**DATA BLOCK**

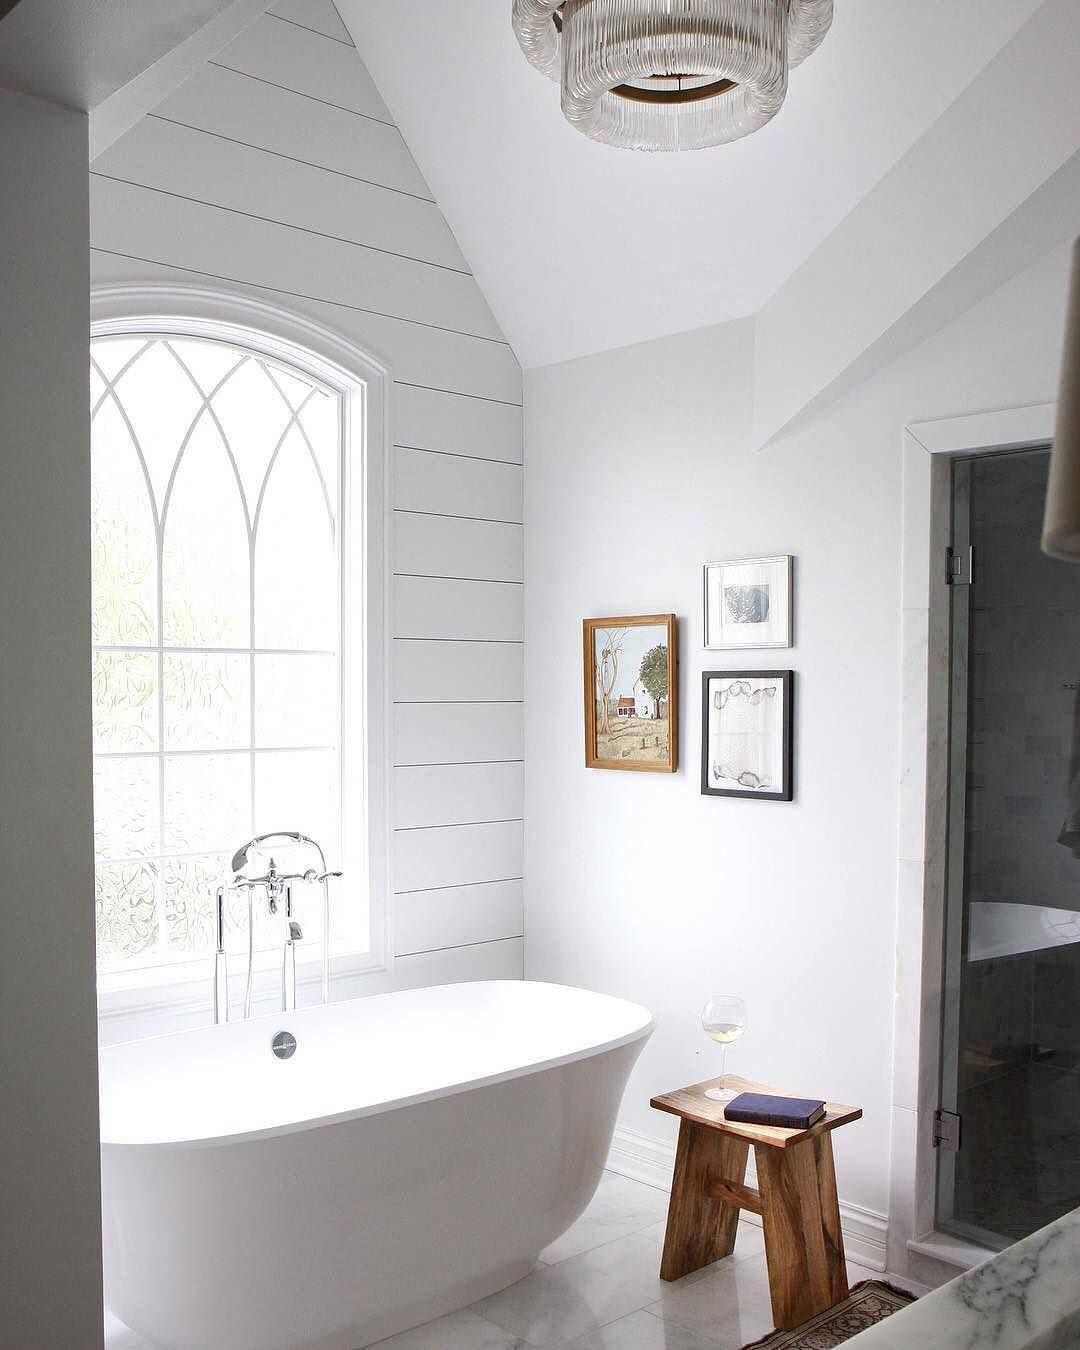 Instagram | Home - Bathroom | Pinterest | Bathtubs, Corner and Bath
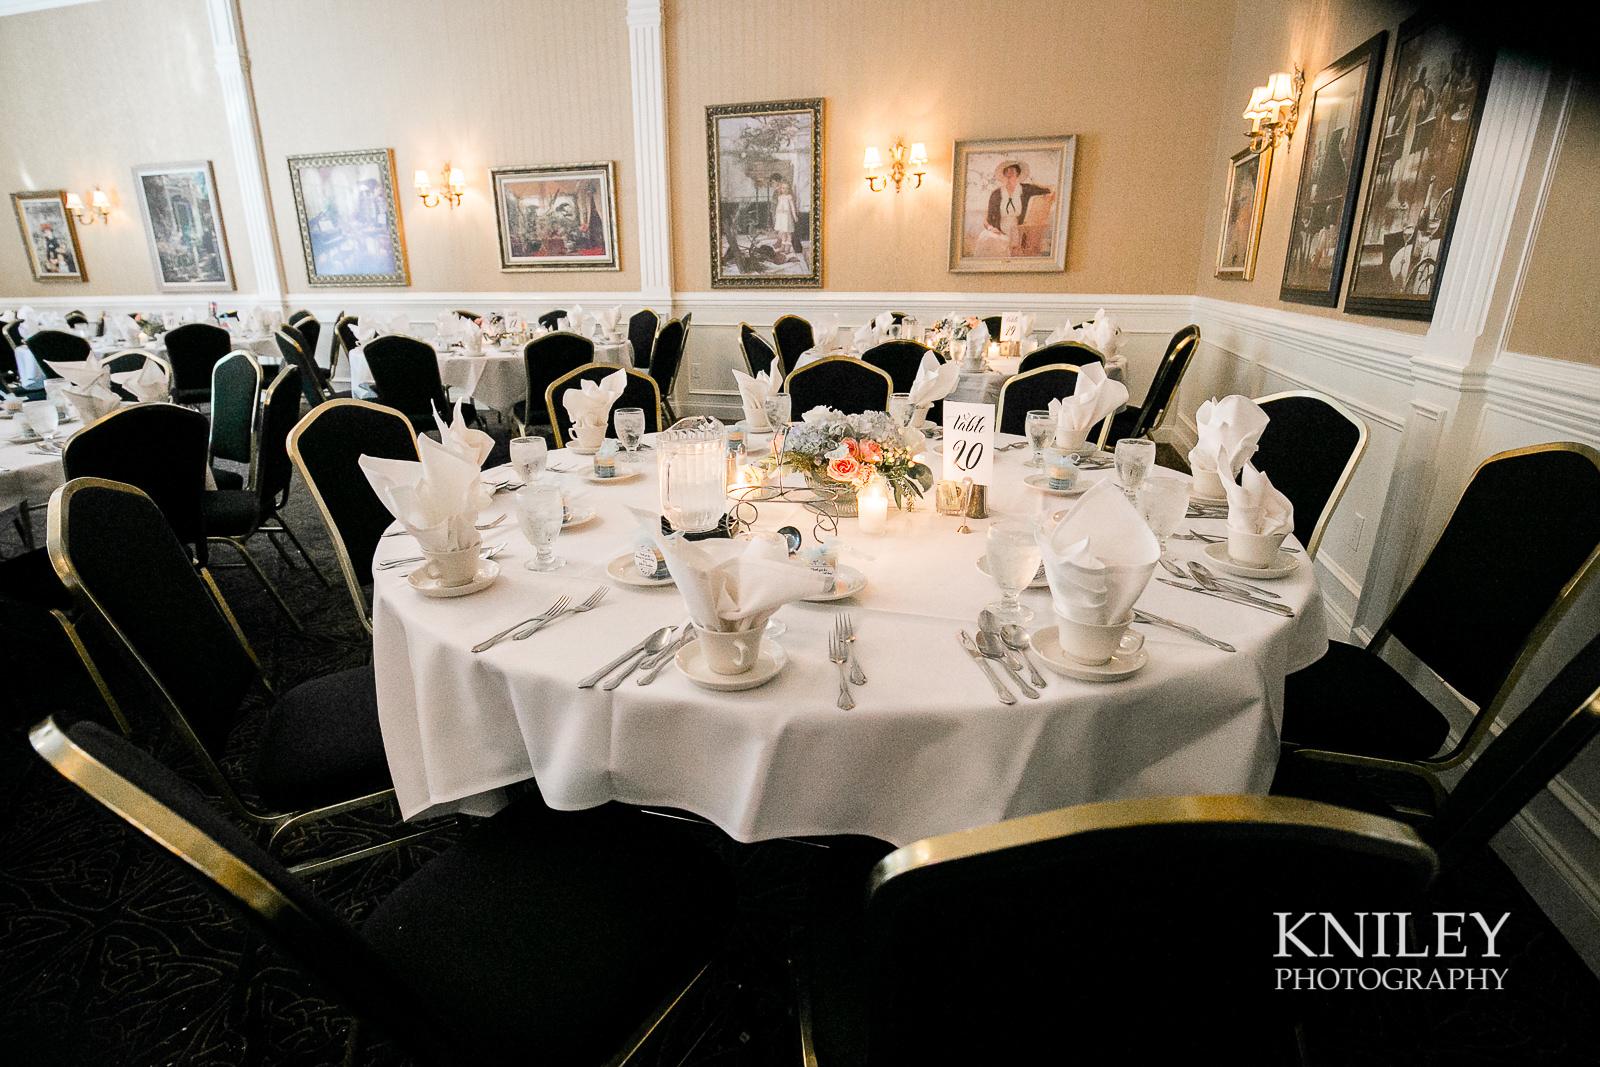 079 - Buffalo NY wedding pictures - Sean Patrick Restaurant Wedding Reception - Getzville - IMG_8298.jpg
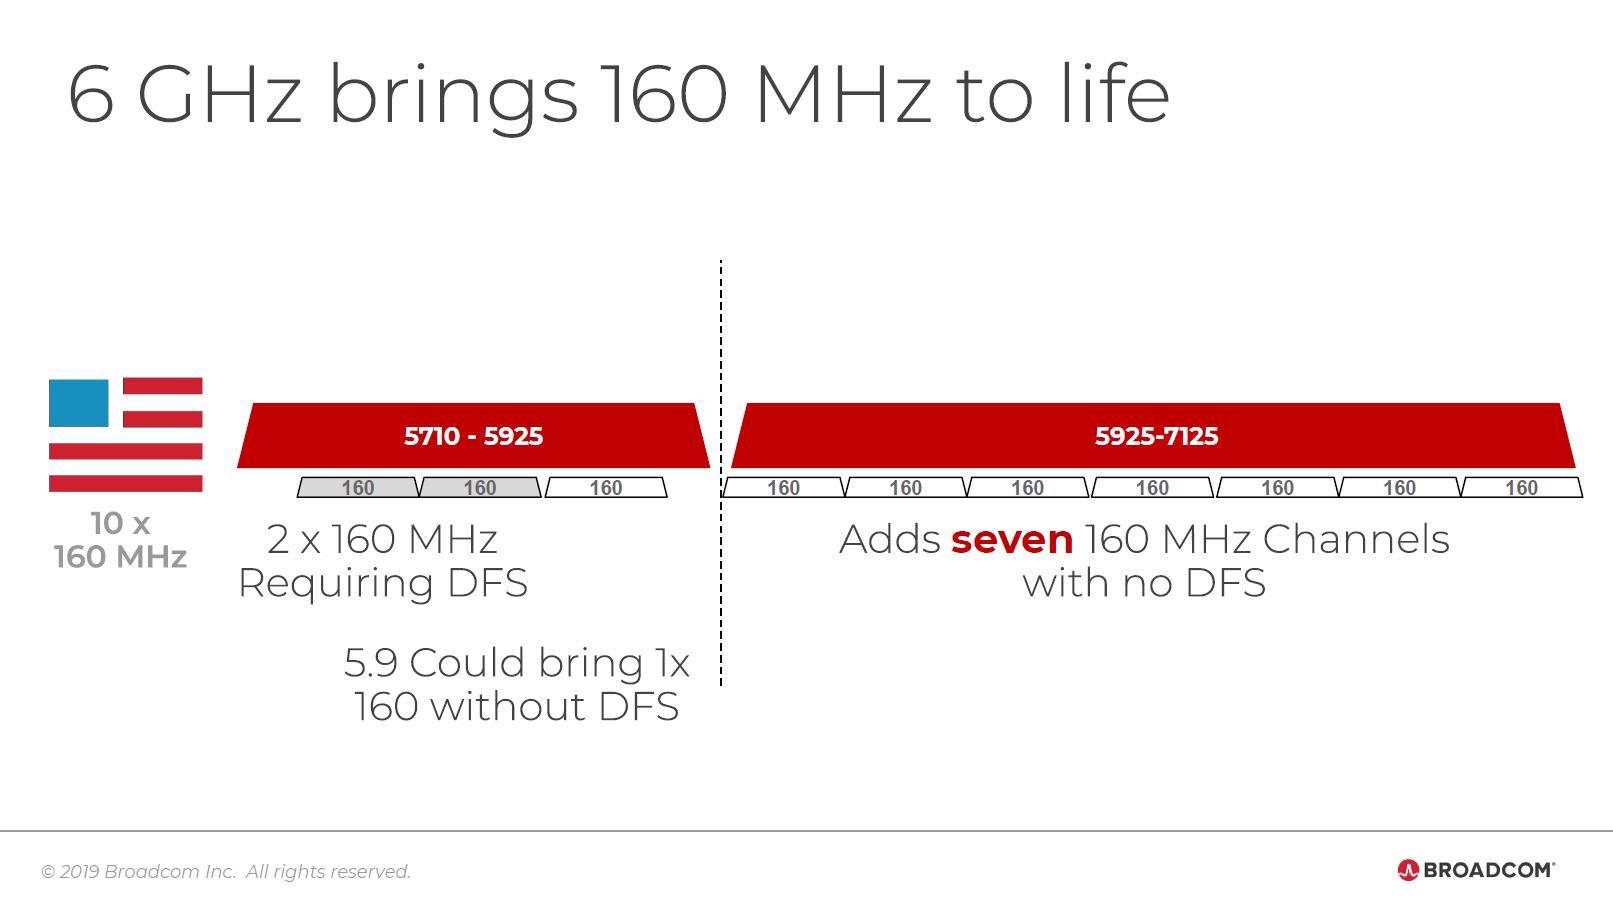 Wi-Fi 6E/藍牙 5.0 行動版整合式晶片先出爐!博通推出 BCM4389 支援 160MHz 頻寬

**THE TASK**
An exact transcription of the data above is needed, without the pictures.

**SOLUTION**
 Instagram | Home - Bathroom | Pinterest | Bathtubs, Corner and Bath
 079 - Buffalo NY wedding pictures - Sean Patrick Restaurant Wedding Reception - Getzville - IMG_8298.jpg
 Wi-Fi 6E/藍牙 5.0 行動版整合式晶片先出爐!博通推出 BCM4389 支援 160MHz 頻寬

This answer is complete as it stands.